Ceppandant que tout luy fait jour (?) et que rien ne resiste a la force de ses armées, une maladie funeste suspend nostre (lacune) et menace la France de la plus grande perte qu'elle puisse jamais ressentir, icy la sulle memoire des dezordres dont nous estions menassés m'interdit l'usage de la parolle, semblable a ceulx quy dans une fuitte necessaire passent par des principes, sans considerer le peril ou ils sont et tremblent après au souvenir des maux qu'ils ont esvités ; vous scavés, Messieurs, les vœux publicz et particuliers que vous aves faictz pour ceste santé sy pretiuze a toutte l'Europe et la joye que vous avés conceue de ceste guerizon miraculuze, mais lorsque vous considerés que ceste maladye estoit l'effet des travaux qu'il avvoit pris pour nostre propre conservation et pour abattre l'orgueil de ses circonciliables ennemis de la France, qu'a peyne sa santé estoit elle restablie qu'il songeoit a retourner sur la frontiere pour couronner ce grand ouvrage de la conqueste de Flandre, que, pandant qu'il travailhe sy glorieuzemant au dehors, SAR a maintenu la quiettude au dedans de l'Estat et a vouleu que les terres de son appanage donnassent l'exemple d'une parfaitte obeyssance, elle a faict cesser un comencemant de dezordres qui n'ont pas peu estre apaizés que par de grandz suplices ; certes, Messieurs, après que le roy a sy glorieuzemant sacriffié toutes chozes pour l'advantaige de ses publes, après l'exemple illustre de SAR et celluy de tous les ordres et de toutes les provinces du royaume, j'aurois peyne a croire que vous seulx ne voulussiés pas remplir toutte l'attente que l'on a conçue de vostre affection et je me persuade que vous signalerés une année illustre par tant de triomphes par des liberalités et de recognoissances extraordinaires.
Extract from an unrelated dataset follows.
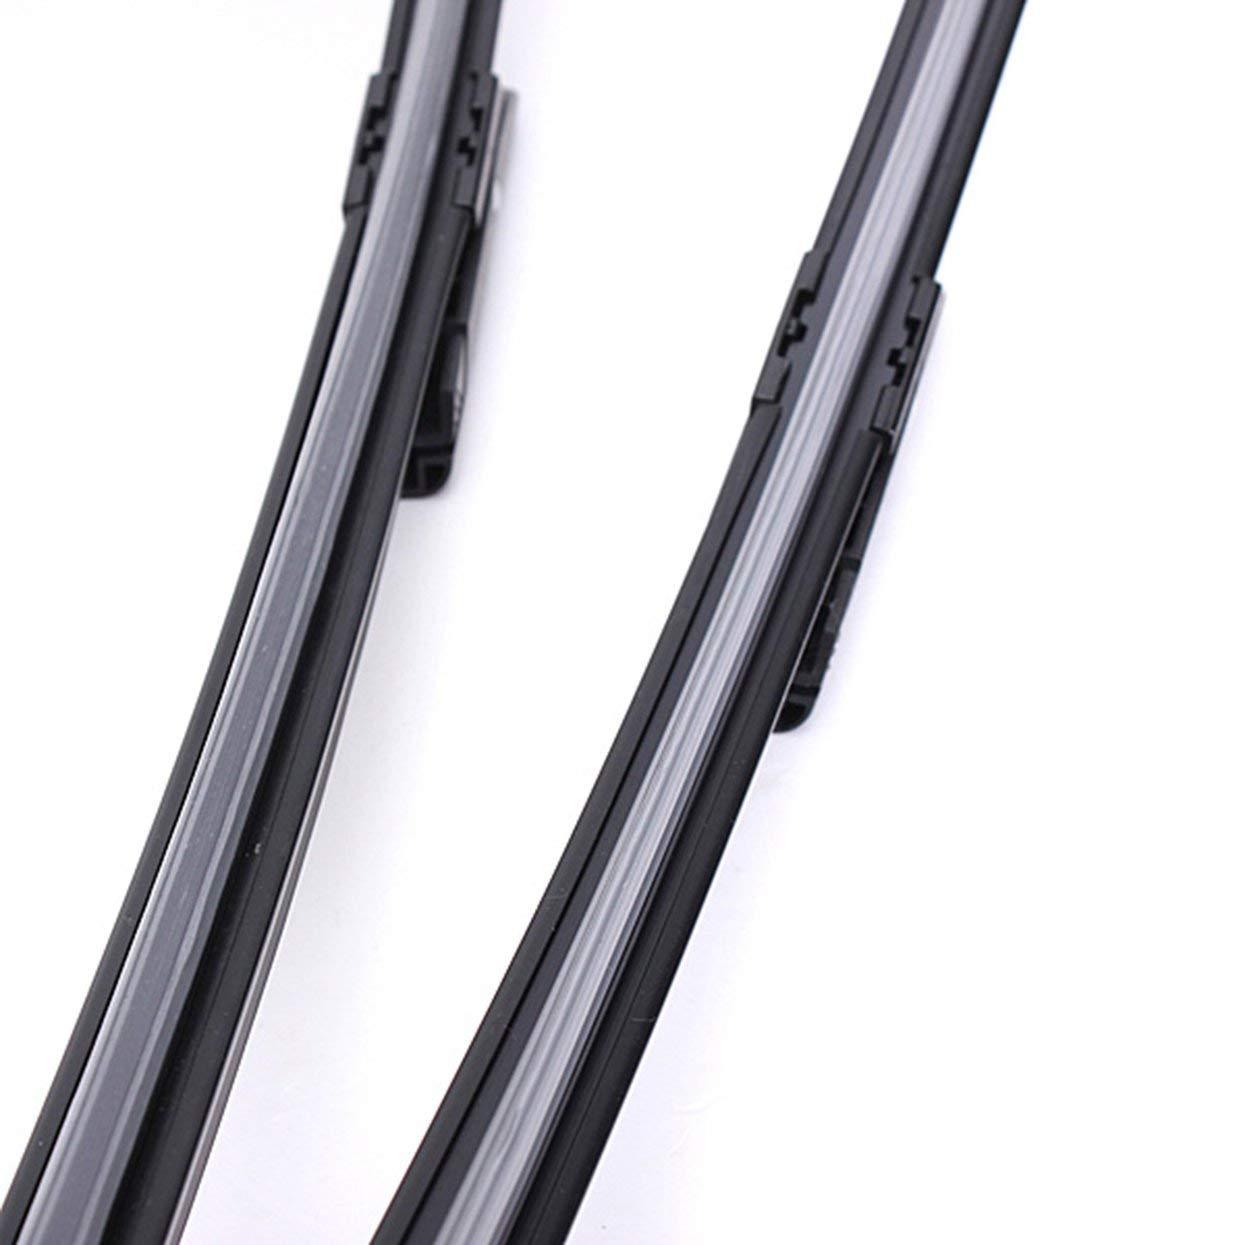 Escobillas del limpiaparabrisas delantero izquierda derecha para Citroen C4 Picasso/Grand Picasso: Amazon.es: Coche y moto

J'ay souvant protesté dans ce lieu la passion que j'avois de respondre par mes services a la bonté que la province m'avoit tesmoignée, c'est avec desplaizir que jusques a prezant je n'ay pas peu le faire aussy utillemant que je m'estois propozé, je ne puis, Messieurs, qu'en conserver une recognoissance toutte entiere pour, en tous les lieux ou je me trouveray, chercher avec empressement les ocazions de tesmoigner la veneration que j'ay pour la province en general et pour tous les particuliers quy la compozent.